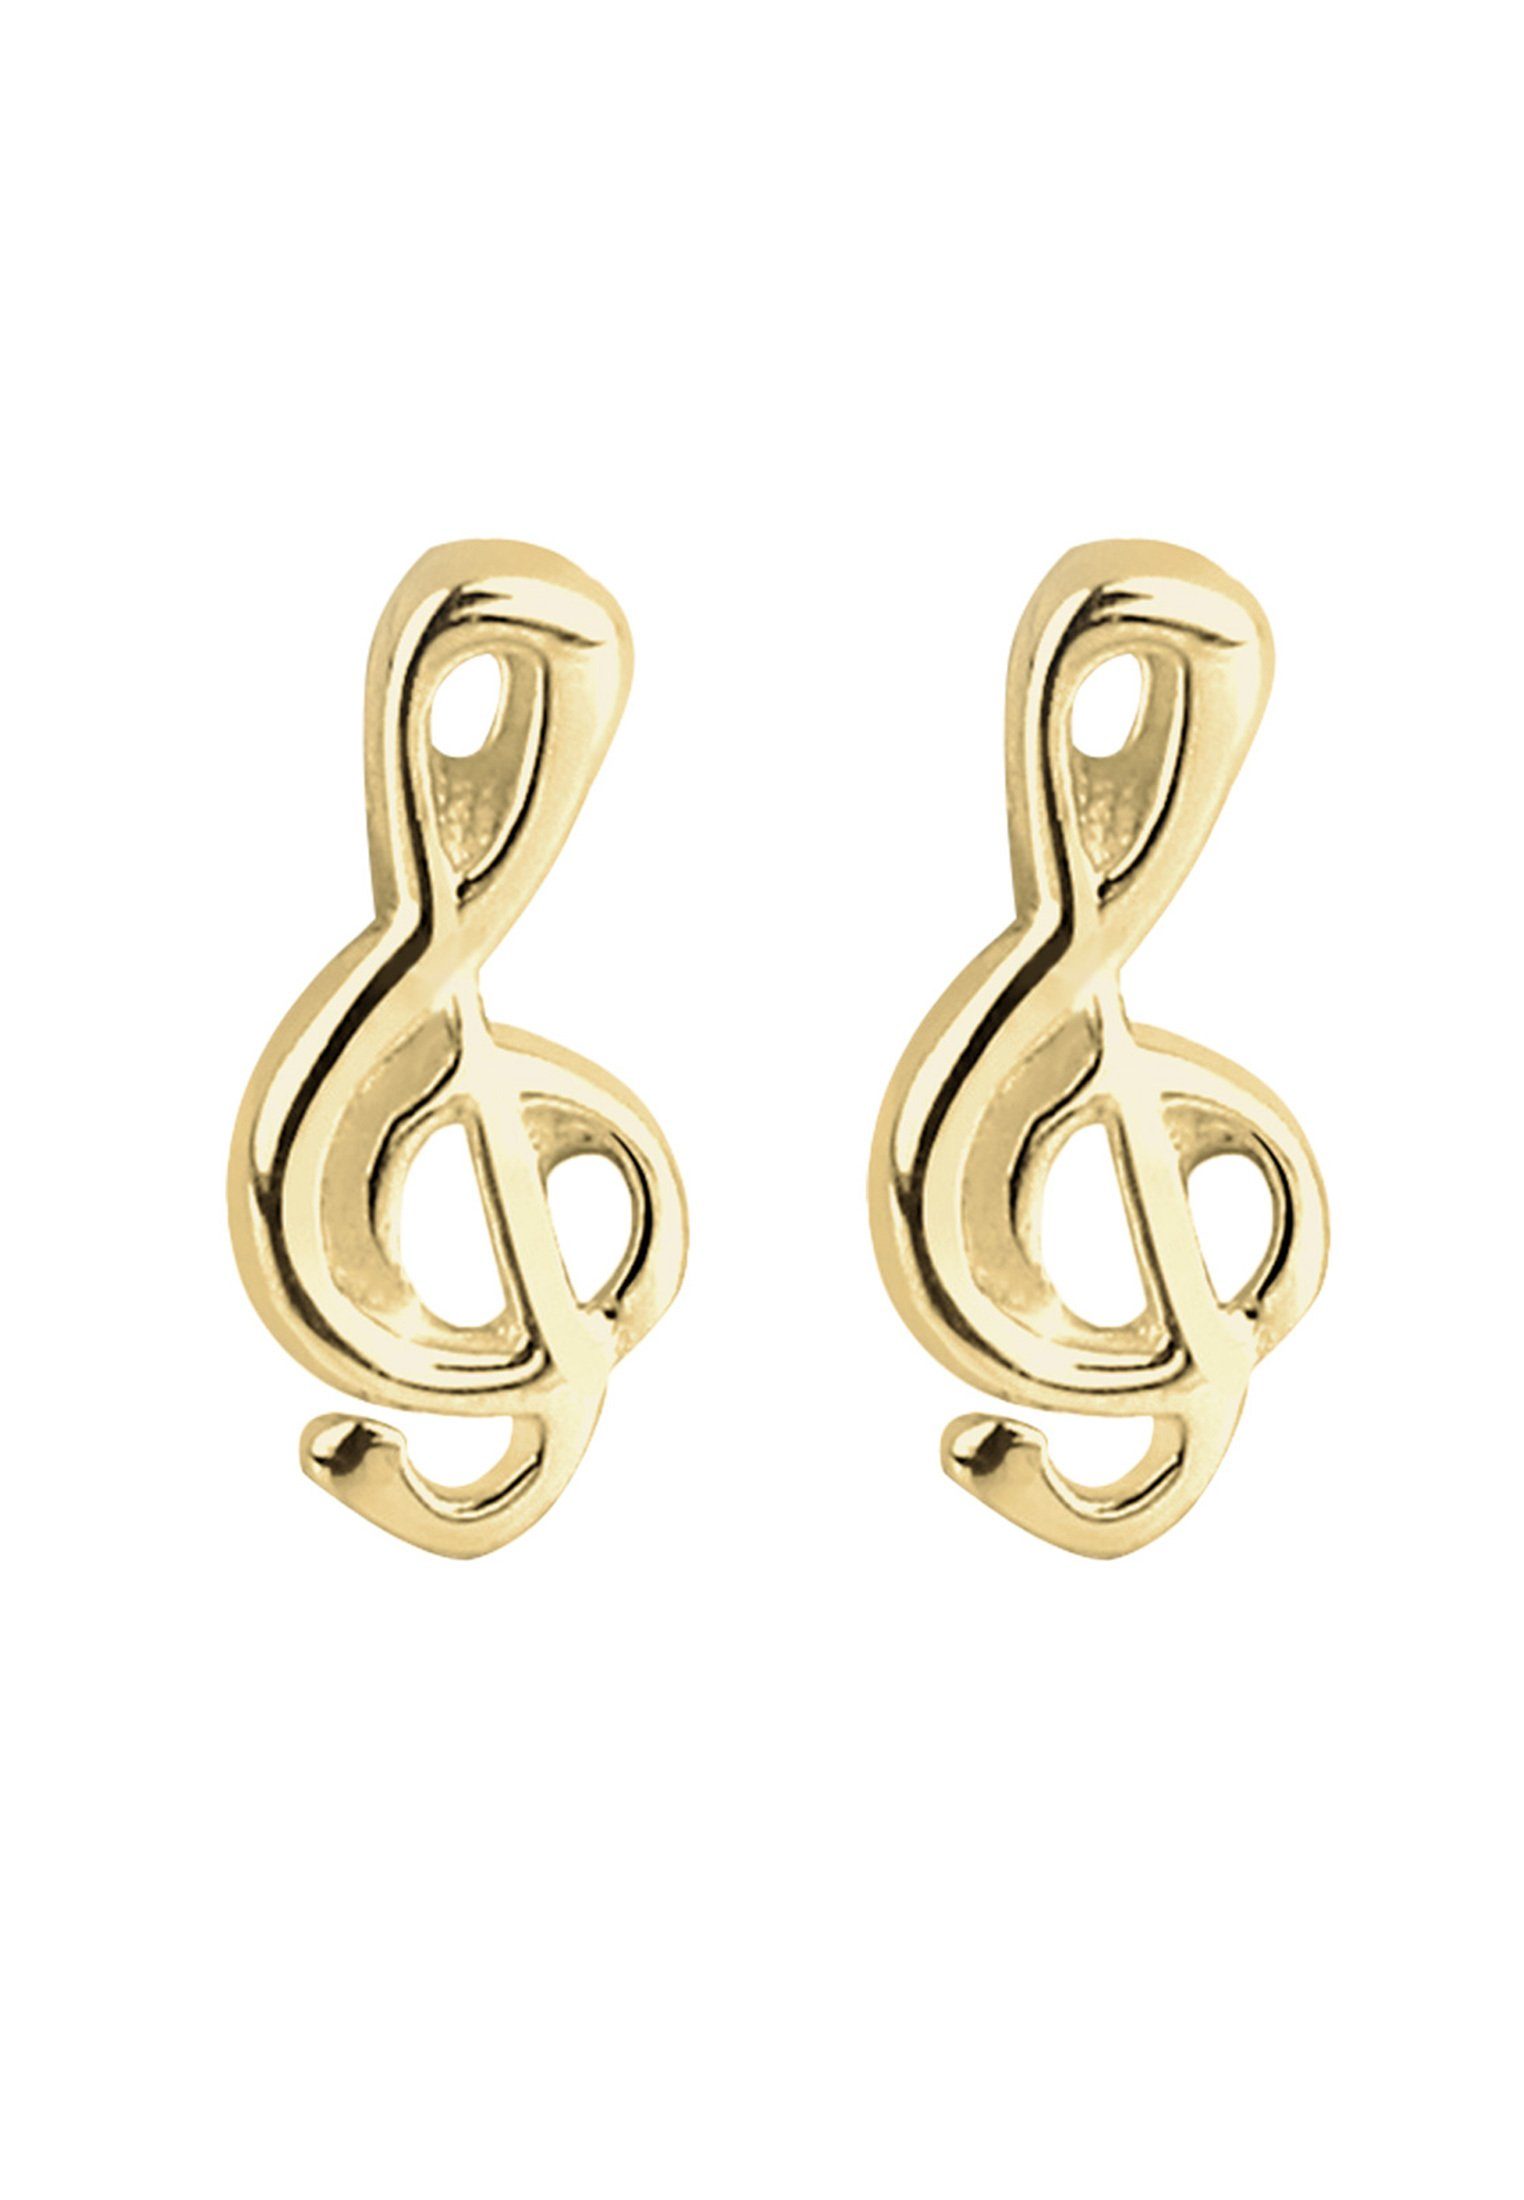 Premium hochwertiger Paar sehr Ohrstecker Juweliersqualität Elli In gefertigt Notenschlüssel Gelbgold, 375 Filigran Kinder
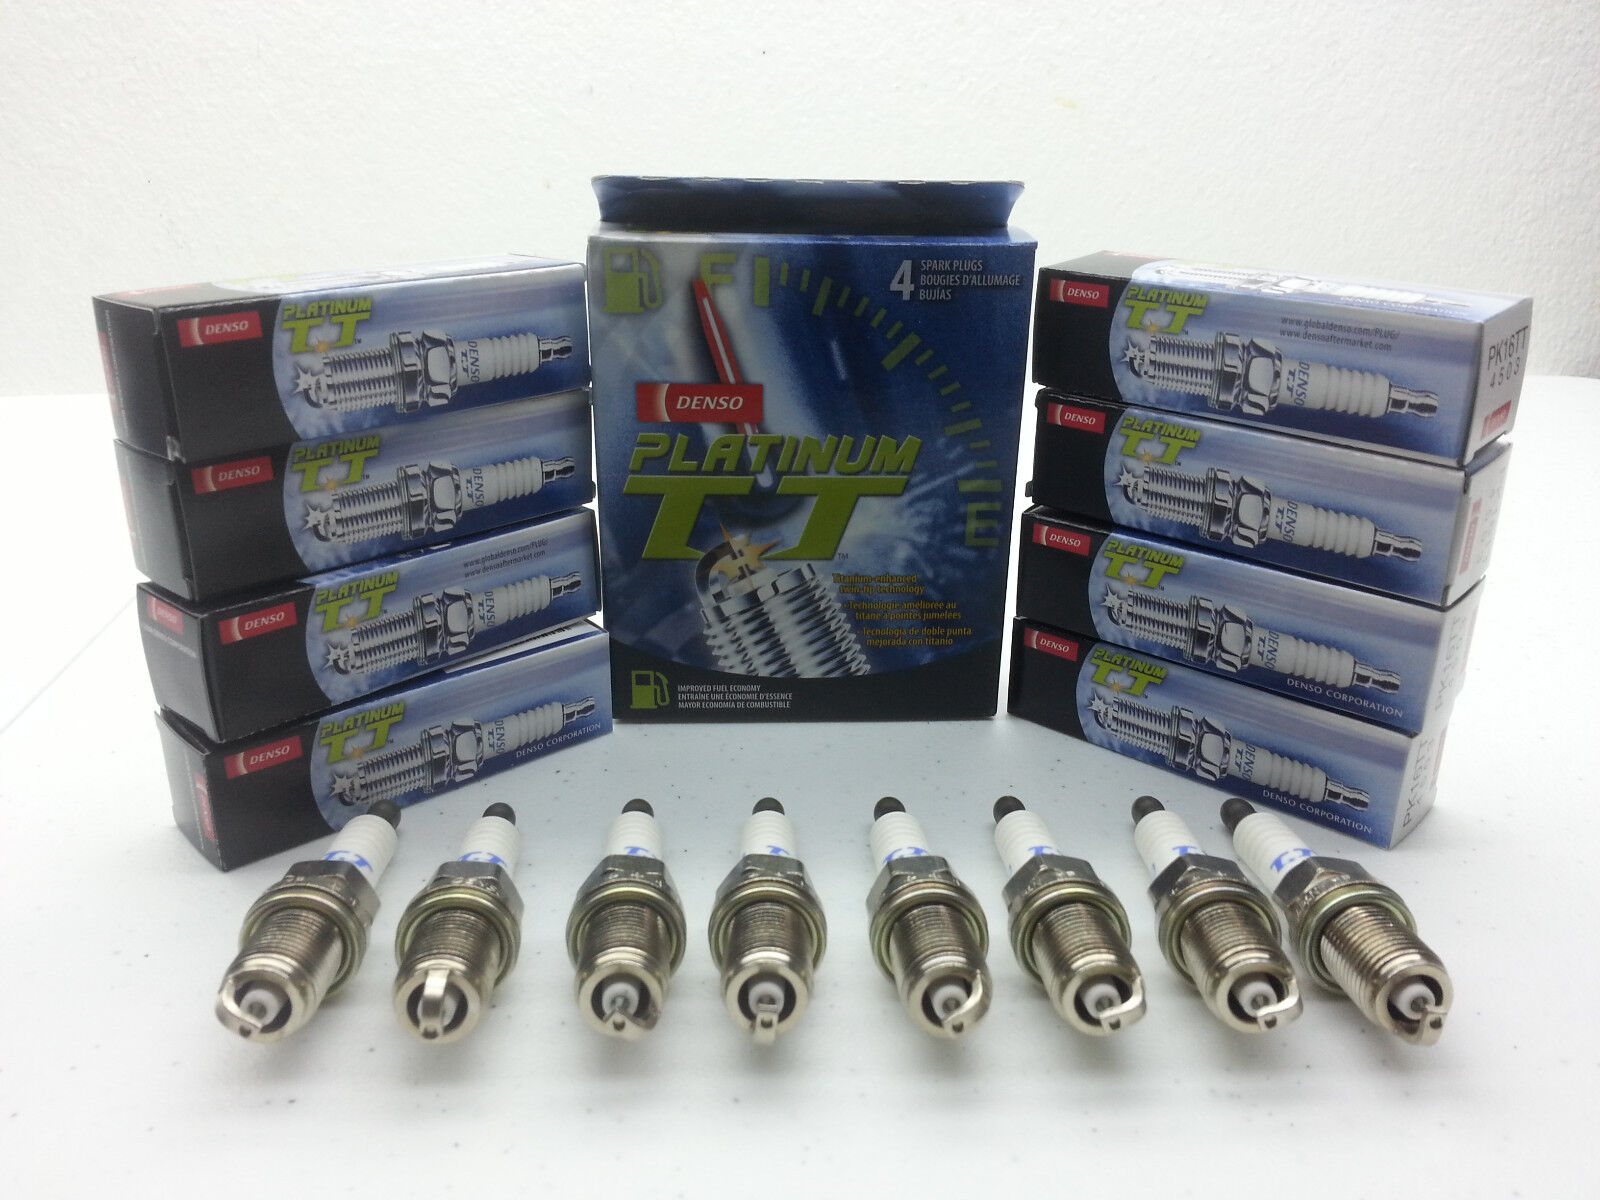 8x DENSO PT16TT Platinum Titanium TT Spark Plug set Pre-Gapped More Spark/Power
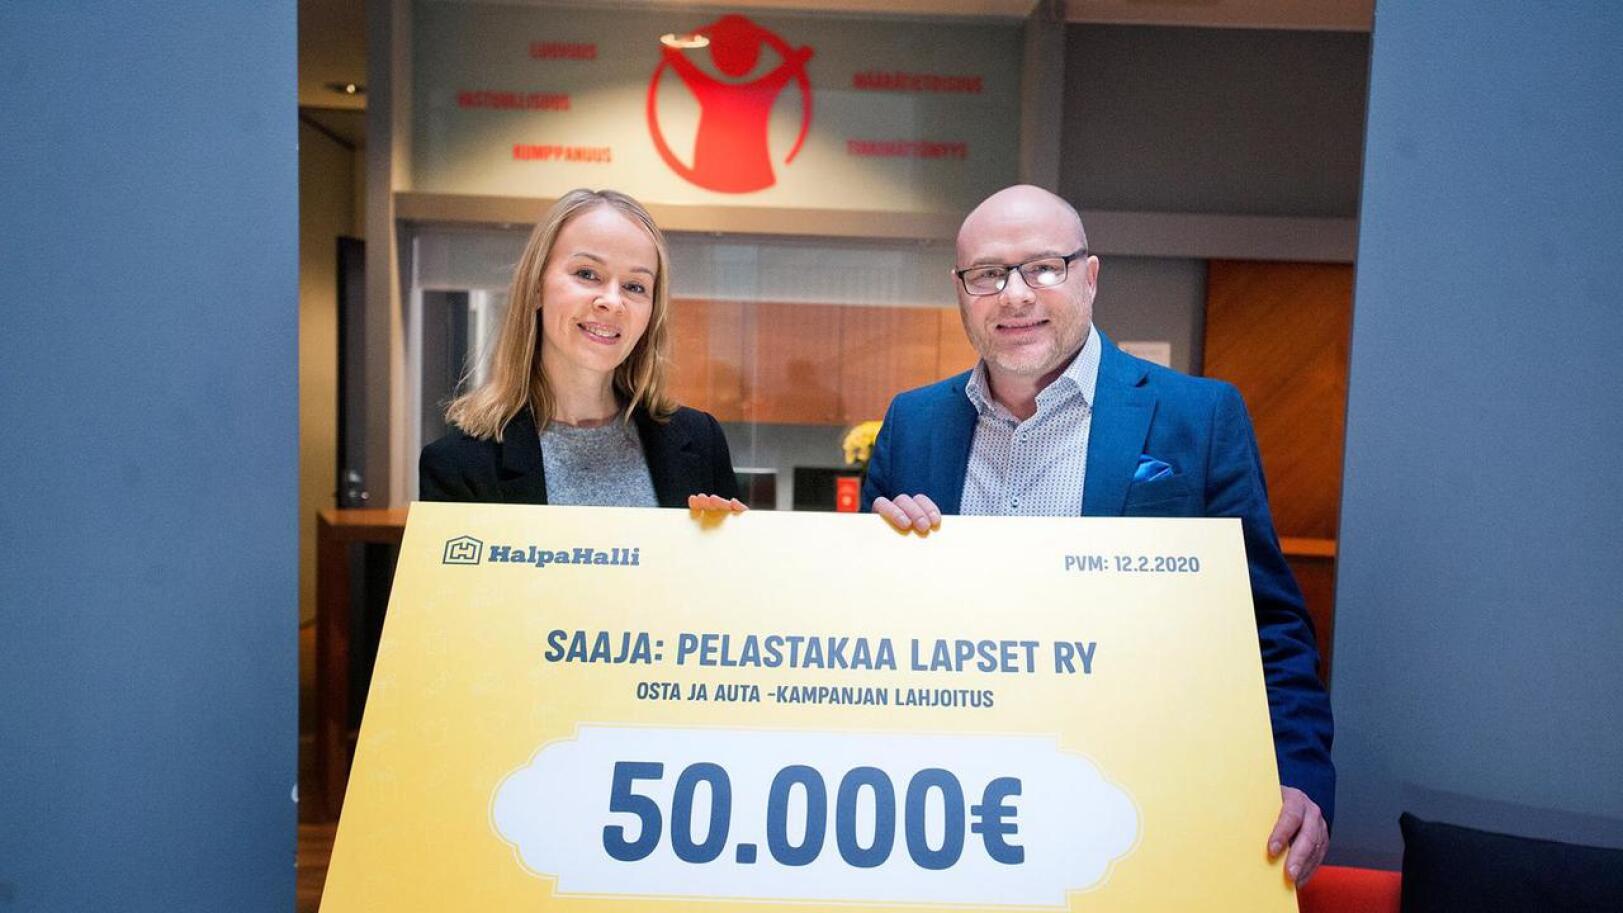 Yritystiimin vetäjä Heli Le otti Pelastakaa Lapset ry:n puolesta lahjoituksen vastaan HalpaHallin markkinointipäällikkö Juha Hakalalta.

* _Your instructions_
All that is needed is the lines from the line holding "8x DENSO PT16TT" to the final line of the listing above, repeated exactly, pictures excluded.

* _Worked solution_
 8x DENSO PT16TT Platinum Titanium TT Spark Plug set Pre-Gapped More Spark/Power
 Yritystiimin vetäjä Heli Le otti Pelastakaa Lapset ry:n puolesta lahjoituksen vastaan HalpaHallin markkinointipäällikkö Juha Hakalalta.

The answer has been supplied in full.